The need to evolve the system often means that you need to maintain backwards and forwards compatibility at the same time.
- Backwards compatibility – newer code can read data that was written by older code
- Forwards compatibility – older code can read data that was written by newer code (older code ignores additions made by newer code)
Formats for Encoding Data
In memory data is kept in a wide-variety of data structures optimized for efficient access and manipulation. When writing data to file or sending over the network the data must be encoded in some kind of self-contained sequence of bytes.
data structure representation (i.e., objects, list, arrays, hash table, etc.)
sequence-of-bytes representation (i.e., JSON, protocol buffers, YAML, etc.)
Translating from the in-memory representation to a sequence-of-bytes is called encoding (serialization) and the reverse is called decoding (deserialization).
Disadvantages of built-in programming language encoding libraries:
- encoding is often not translatable into other programming languages, not portable
- often able to instantiate arbitrary classes which is a secury vulnerability
- versioning data is an afterthought so backwards and forwards compatibility is challenging
- efficency of the encoding and decoding operations is often poor
Looking for a encoding format that is language independent.
Textual Formats
JSON, XML, CSV, YAML
Textual formats don't have implicit type systems and so suffer from ambiguity. One example being numbers. Binary strings have to be encoded as text using Base64 so all binary strings grow 33% larger. There are no built-in schemas and while external schemas exist for most textual formats but they don't reduce size or guarantee evolutino. Support for schemas is weak and even weaker for CSV. Textual formats are schema-on-read and the schema is implicit in the data itself. Textual formats are popular as data interchange formats to enable the moving of data between different systems and organizations.
Binary Formats
More compact and faster to parse than text. Binary formats have schemas.
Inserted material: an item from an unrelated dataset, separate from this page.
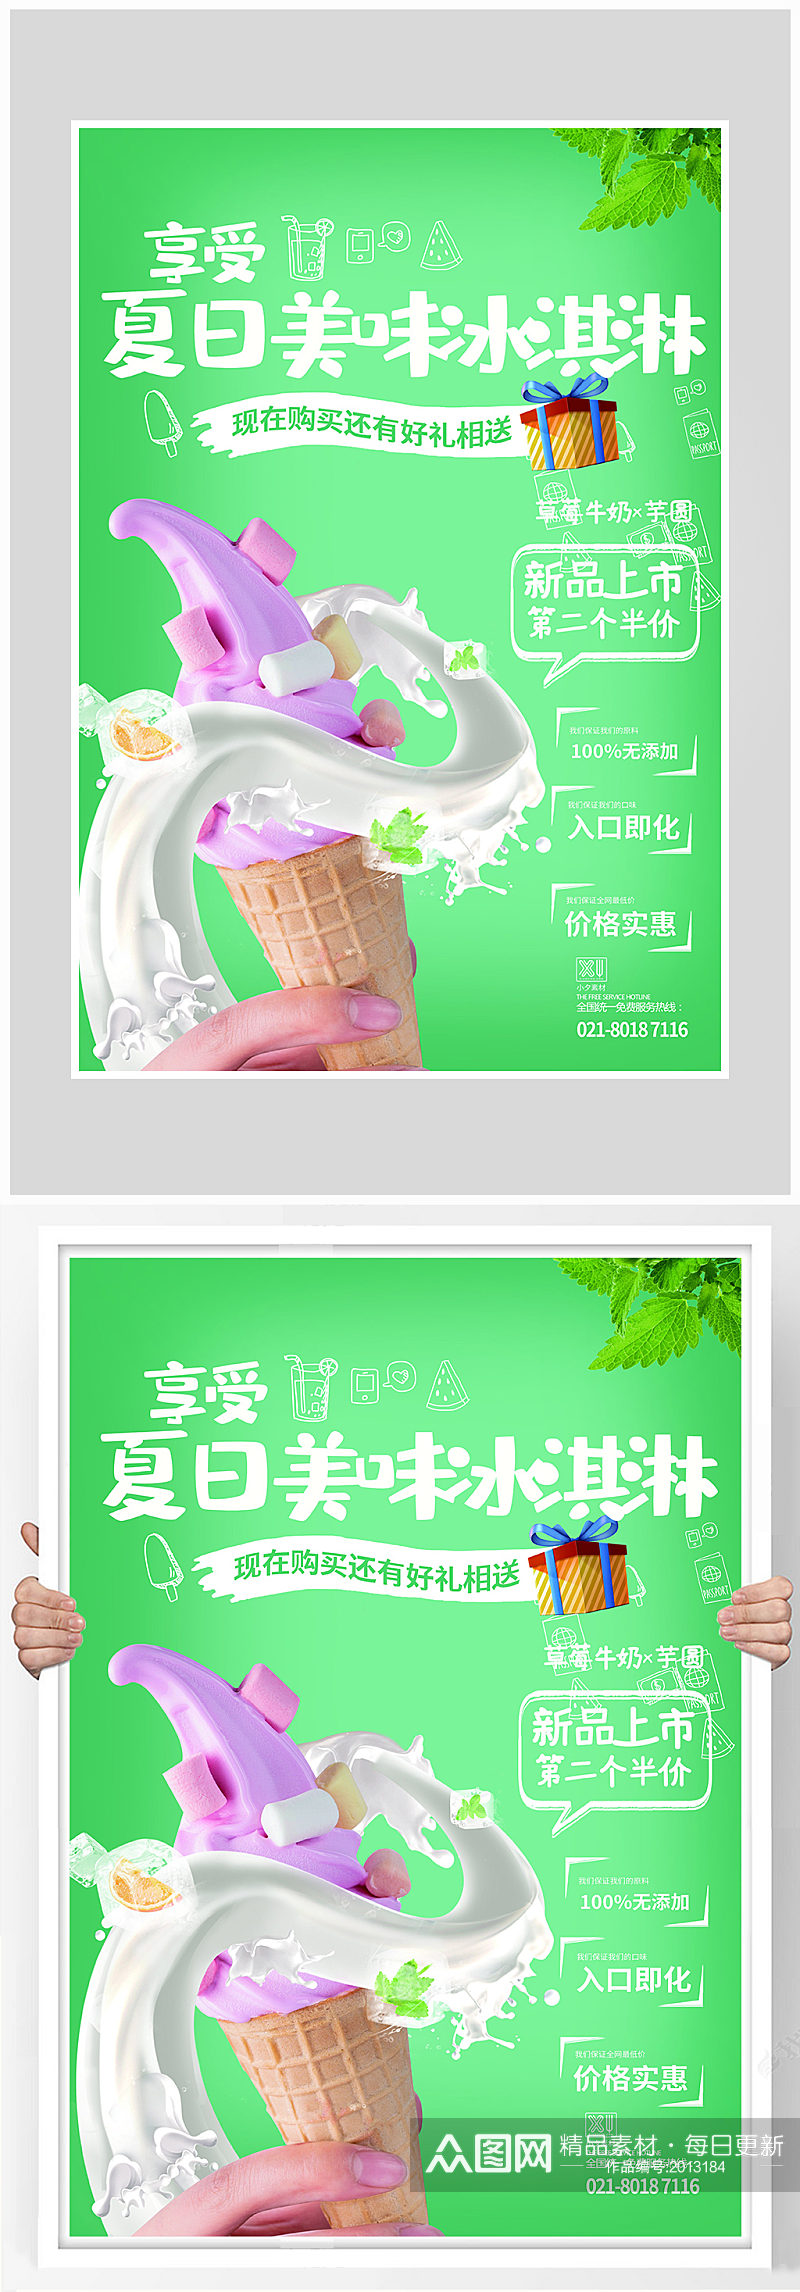 创意质感冰激凌奶茶海报设计素材

Schema evolution - inevitably all schemas must change over time. How can you manage schema changes while maintaining forwards and backwards compatibility?
Notes
Why is the choice of encoding so important to the ability of your system to evolve?
Schema-on-Read (JSON/YAML/XML)
# Data contains its own structure
users:
- name: Alice
age: 30
email: alice@example.com
- name: Bob
age: 25
email: bob@example.comCharacteristics:
- Schema is implicit in the data itself
- Field names written with every record
- Reader interprets structure at parse time
- Flexible but verbose and error-prone
Evolution challenges:
- No guarantees about what fields exist
- Type mismatches discovered at runtime
- No clear contract between writer and reader
Schema-on-Write (Protobuf/Thrift/Avro)
// Schema defined separately
message User {
required string name = 1;
required int32 age = 2;
optional string email = 3;
}Characteristics:
- Schema defined separately from data
- Field names not stored in data (use field numbers/tags)
- Writer encodes according to schema, reader decodes according to schema
- Compact and type-safe
Evolution benefits:
- Clear rules for adding/removing fields
- Type checking at encode/decode time
- Explicit compatibility guarantees (forward/backward compatibility)
YAML – "There are many kinds of data structures, but they can all be adequately represented with three basic primitives: mappings (hashes/dictionaries), sequences (arrays/lists) and scalars (strings/numbers). YAML leverages these primitives and adds a simple typing system and aliasing mechanism to form a complete language for serializing any native data structure.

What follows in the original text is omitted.